Please give back, exactly as written, the lines from the line with "Fuel Oil Petcock" to the line with "Evaluation of Phthalocyannine" in the listing below, leaving out all pictures.

» **ENTRIES SHOWN**
%%
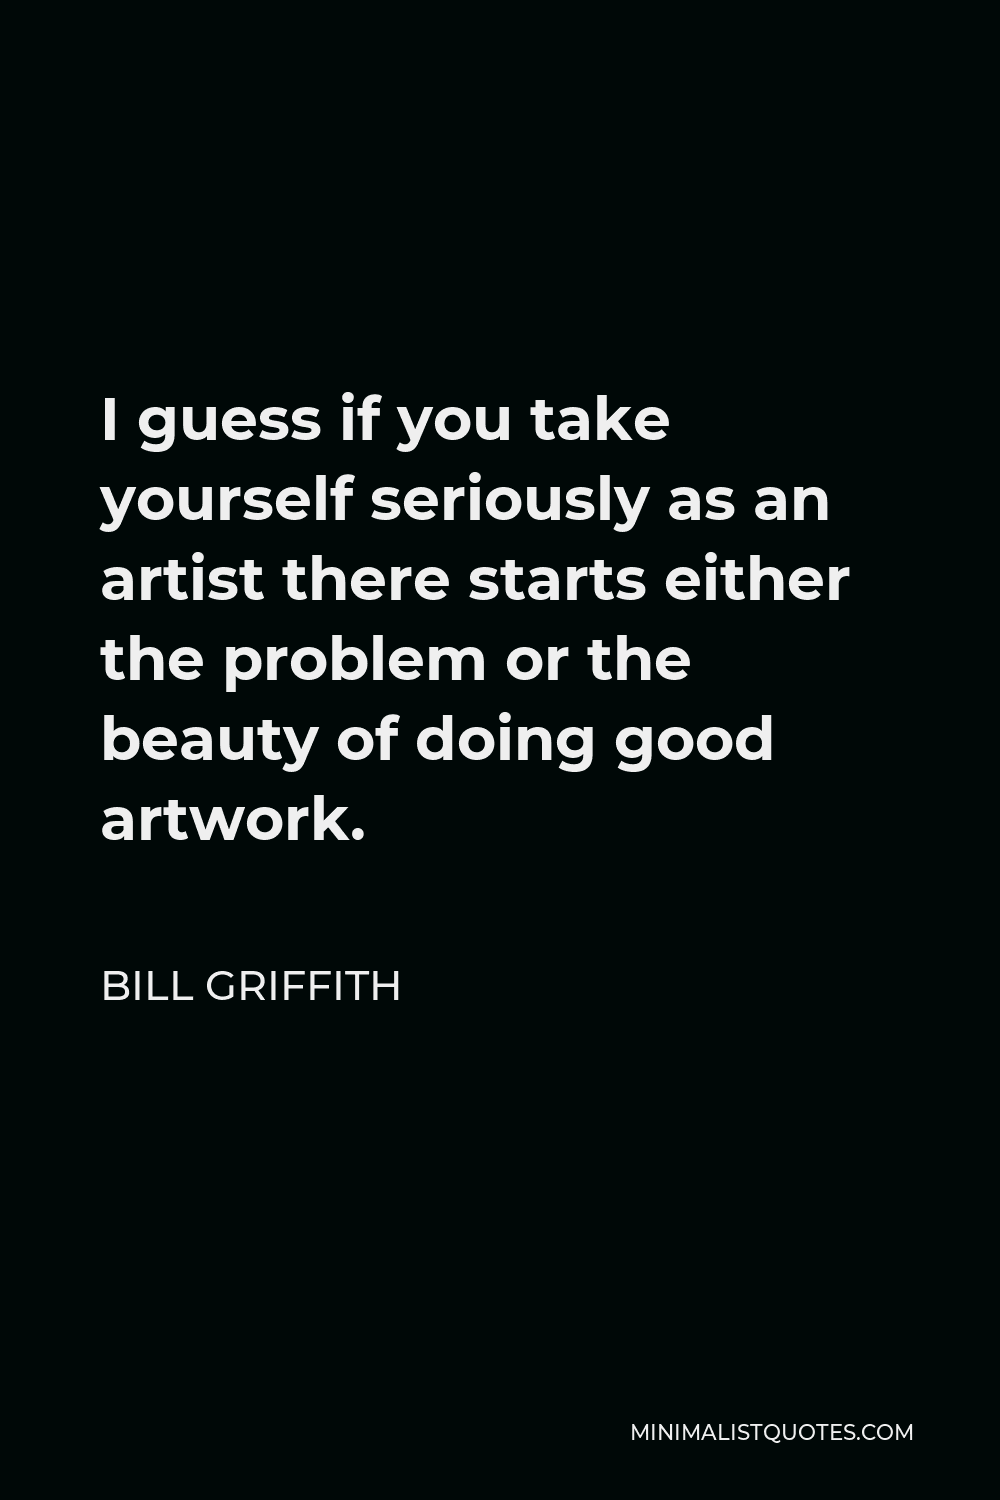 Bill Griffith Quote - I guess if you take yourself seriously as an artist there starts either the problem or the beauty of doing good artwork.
%%
%%
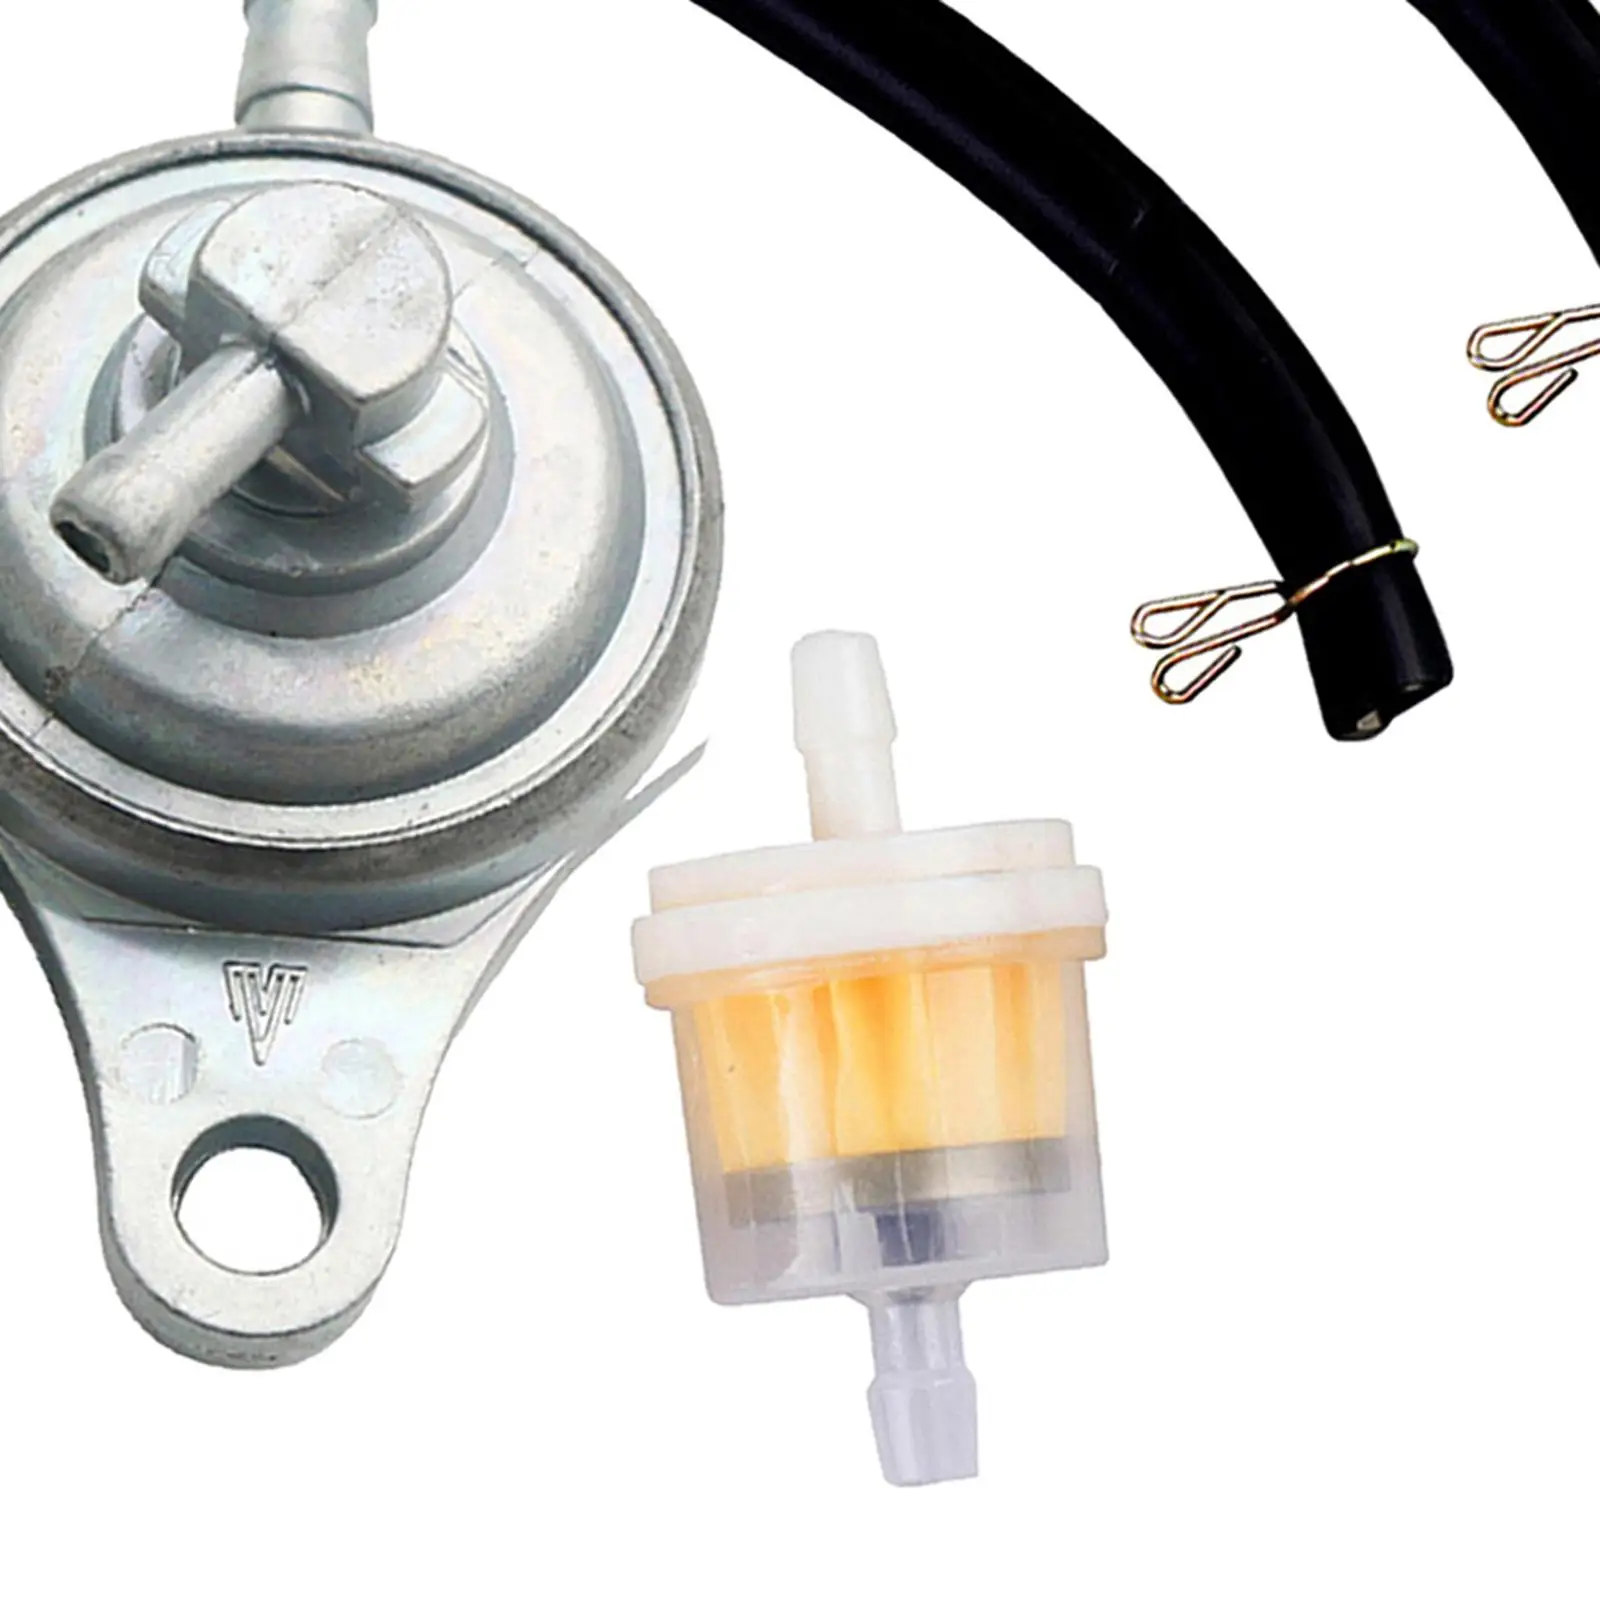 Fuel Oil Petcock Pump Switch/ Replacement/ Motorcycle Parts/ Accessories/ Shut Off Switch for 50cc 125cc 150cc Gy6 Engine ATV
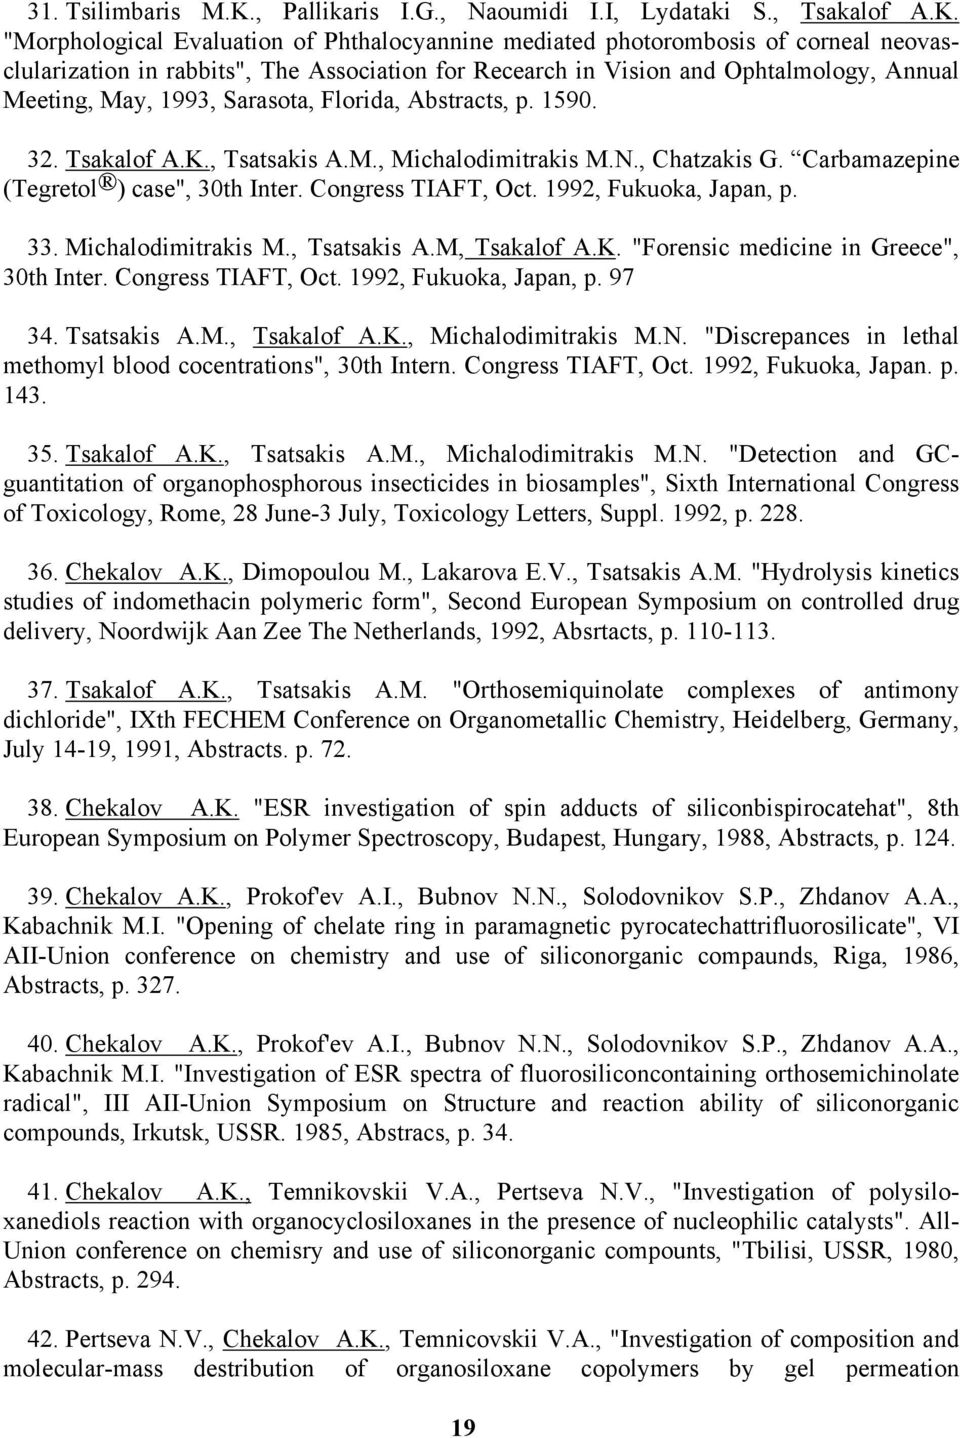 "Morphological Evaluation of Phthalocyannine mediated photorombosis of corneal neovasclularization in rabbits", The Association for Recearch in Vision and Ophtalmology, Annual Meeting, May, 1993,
%%
%%
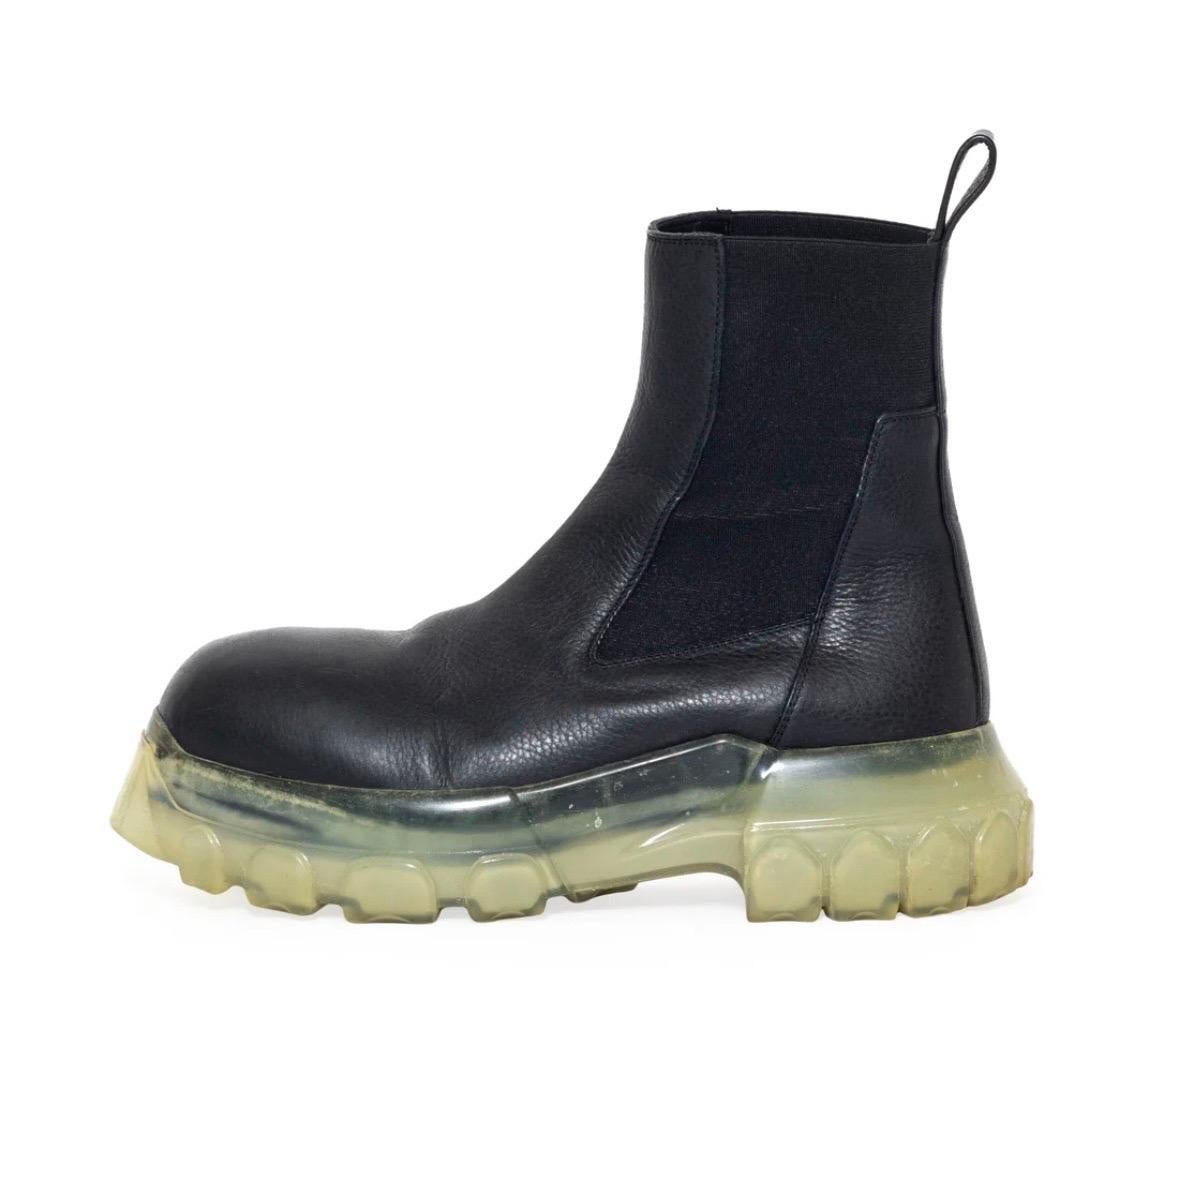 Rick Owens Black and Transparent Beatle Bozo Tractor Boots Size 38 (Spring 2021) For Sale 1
%%
» **EXERCISE RESPONSE**
 Fuel Oil Petcock Pump Switch/ Replacement/ Motorcycle Parts/ Accessories/ Shut Off Switch for 50cc 125cc 150cc Gy6 Engine ATV
 "Morphological Evaluation of Phthalocyannine mediated photorombosis of corneal neovasclularization in rabbits", The Association for Recearch in Vision and Ophtalmology, Annual Meeting, May, 1993,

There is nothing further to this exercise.